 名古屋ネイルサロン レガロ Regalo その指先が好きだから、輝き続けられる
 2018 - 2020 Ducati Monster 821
...
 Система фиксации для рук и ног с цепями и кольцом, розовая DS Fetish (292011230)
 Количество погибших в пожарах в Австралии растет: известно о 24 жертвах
* * *
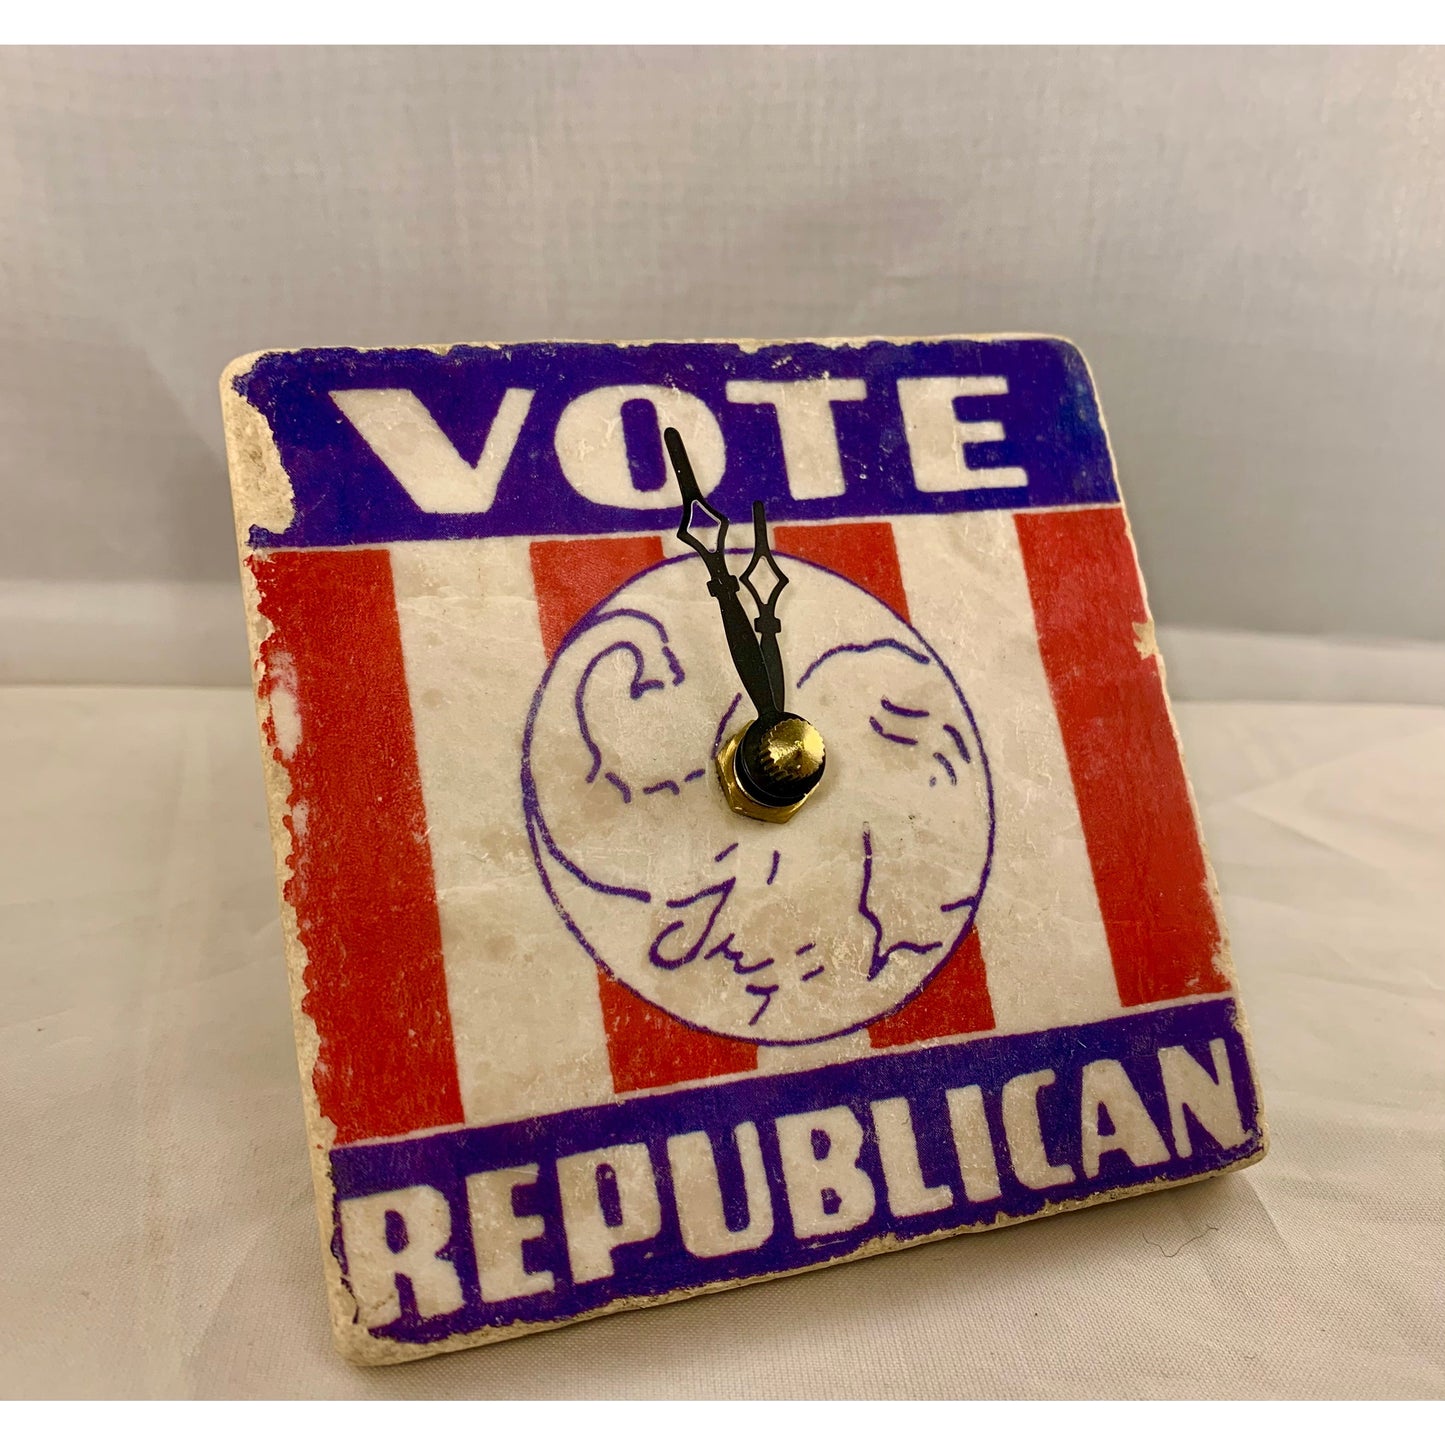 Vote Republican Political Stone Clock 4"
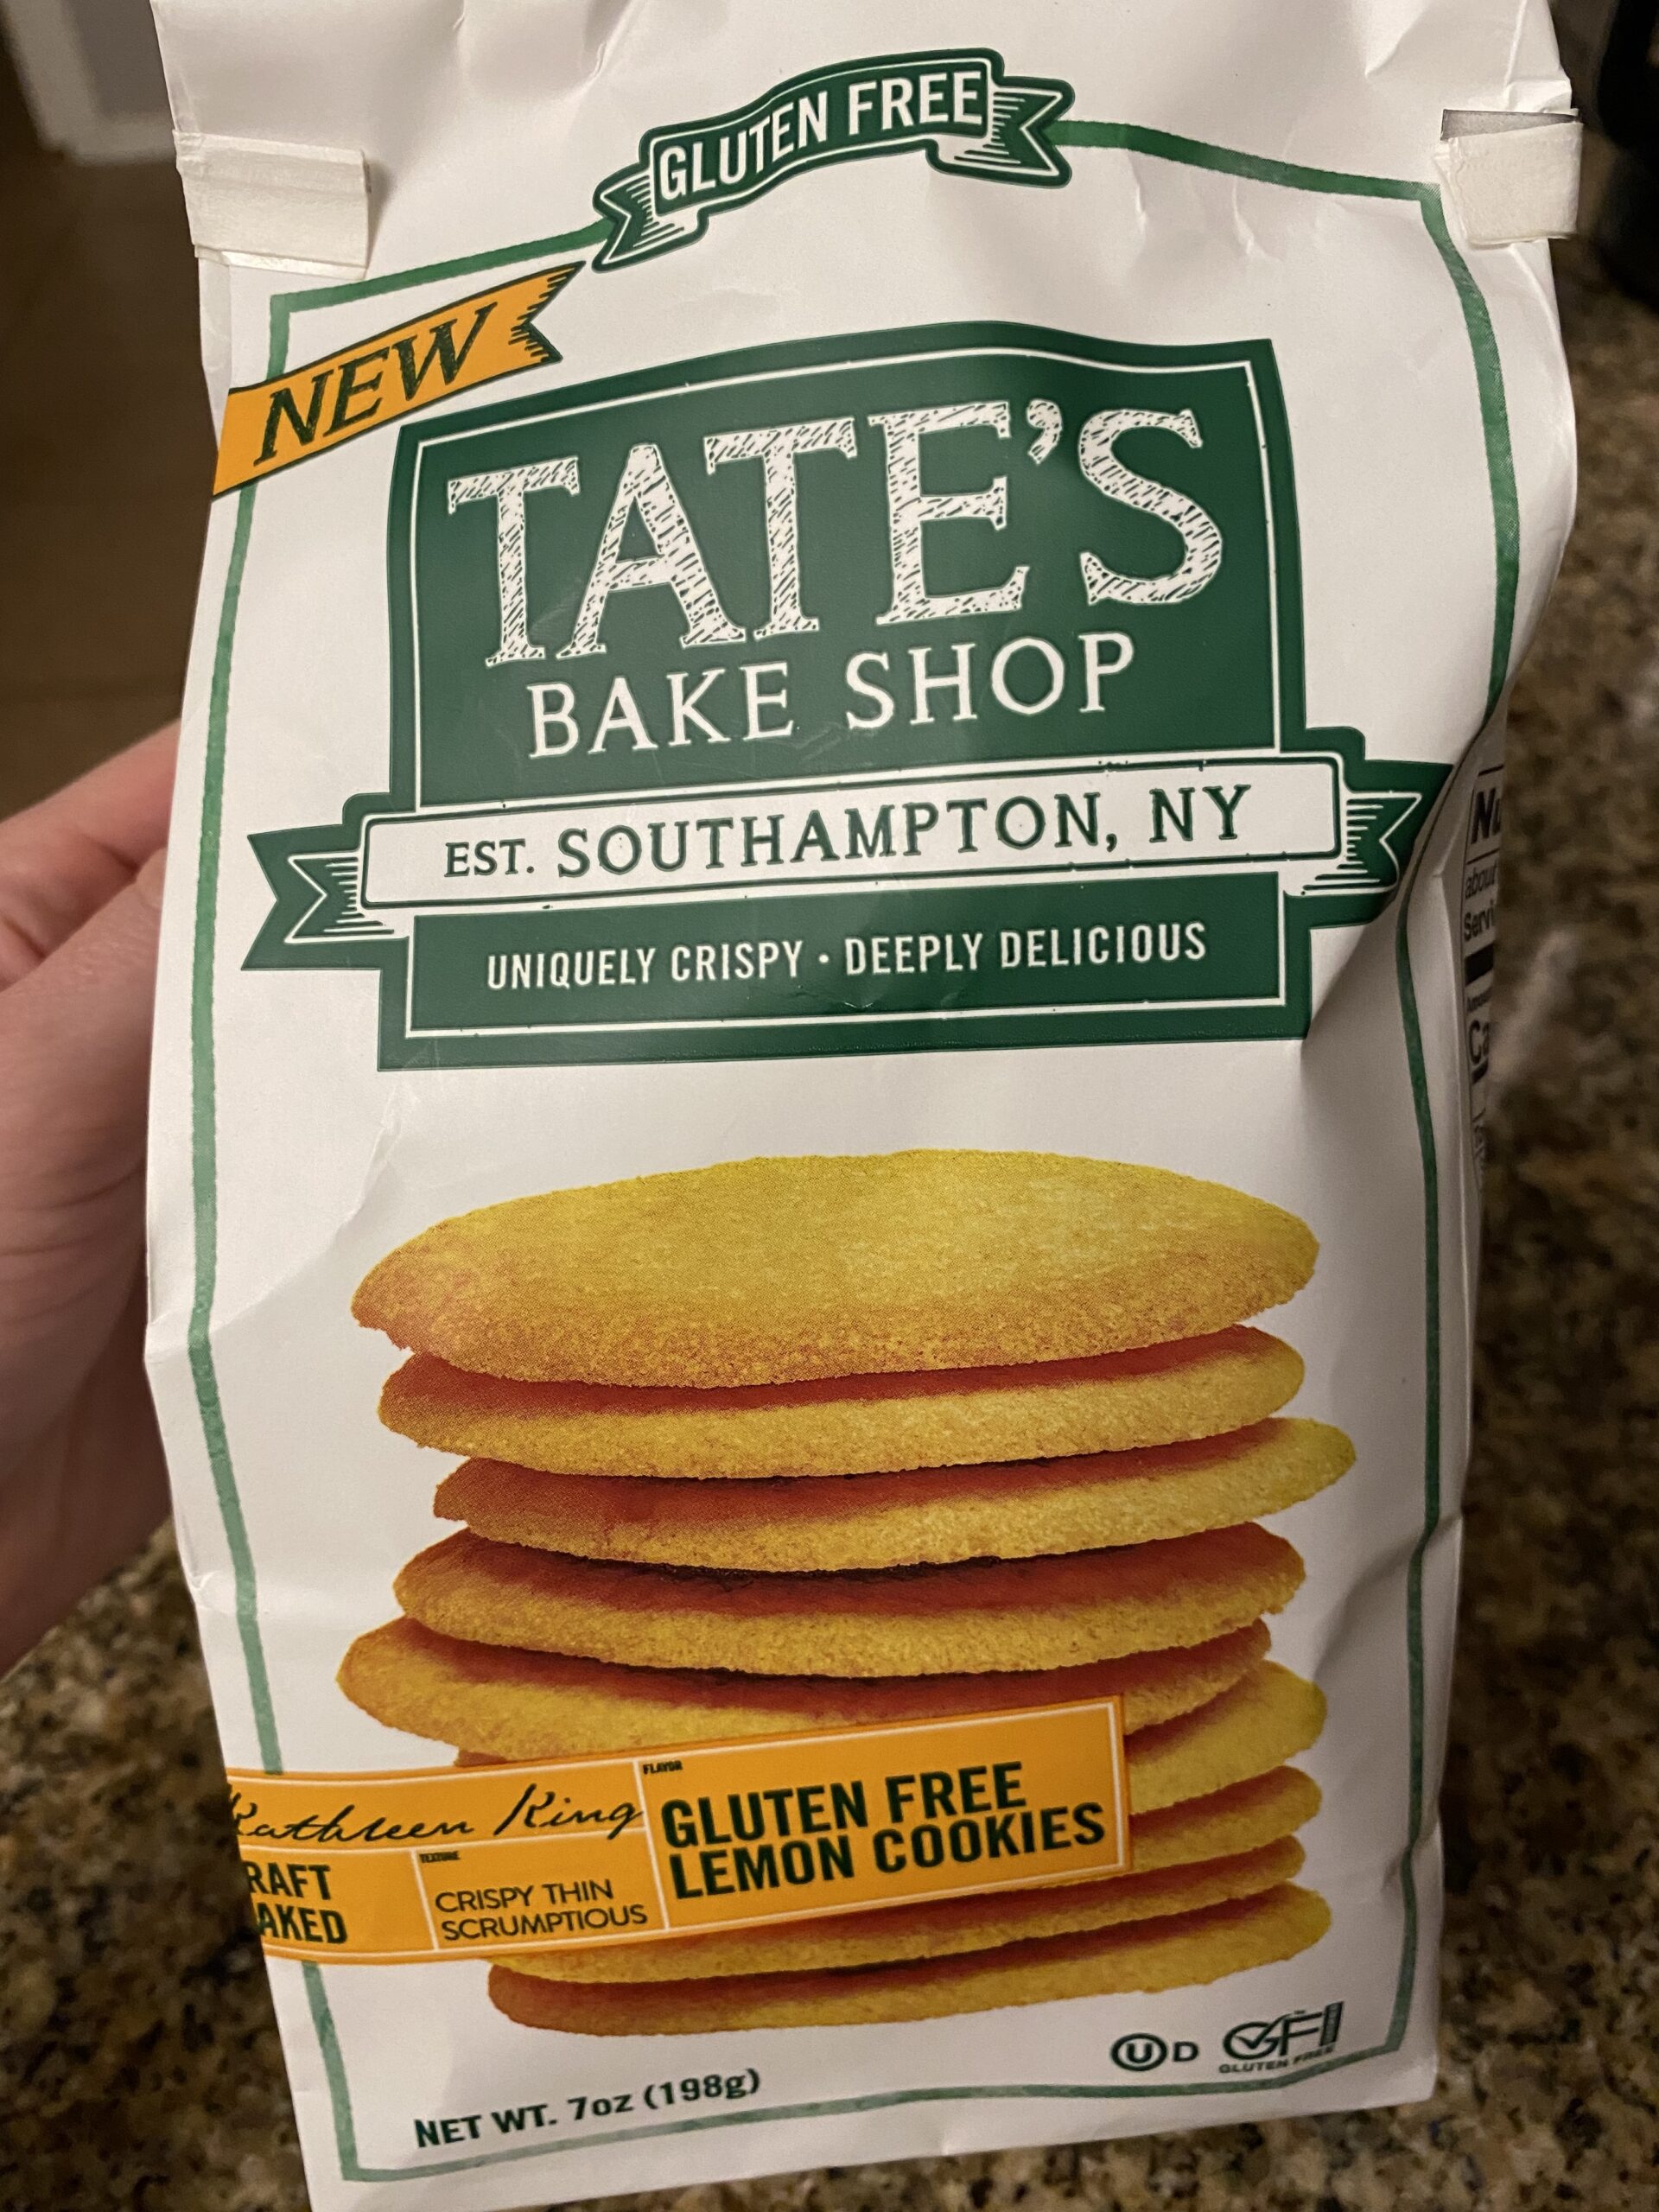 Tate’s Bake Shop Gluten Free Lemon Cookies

Activity: Copy out only the lines above from the one with "Система фиксации для" to the one with "Количество погибших в", inclusive, exactly as they stand.

Exercise answer:
 Система фиксации для рук и ног с цепями и кольцом, розовая DS Fetish (292011230)
 Количество погибших в пожарах в Австралии растет: известно о 24 жертвах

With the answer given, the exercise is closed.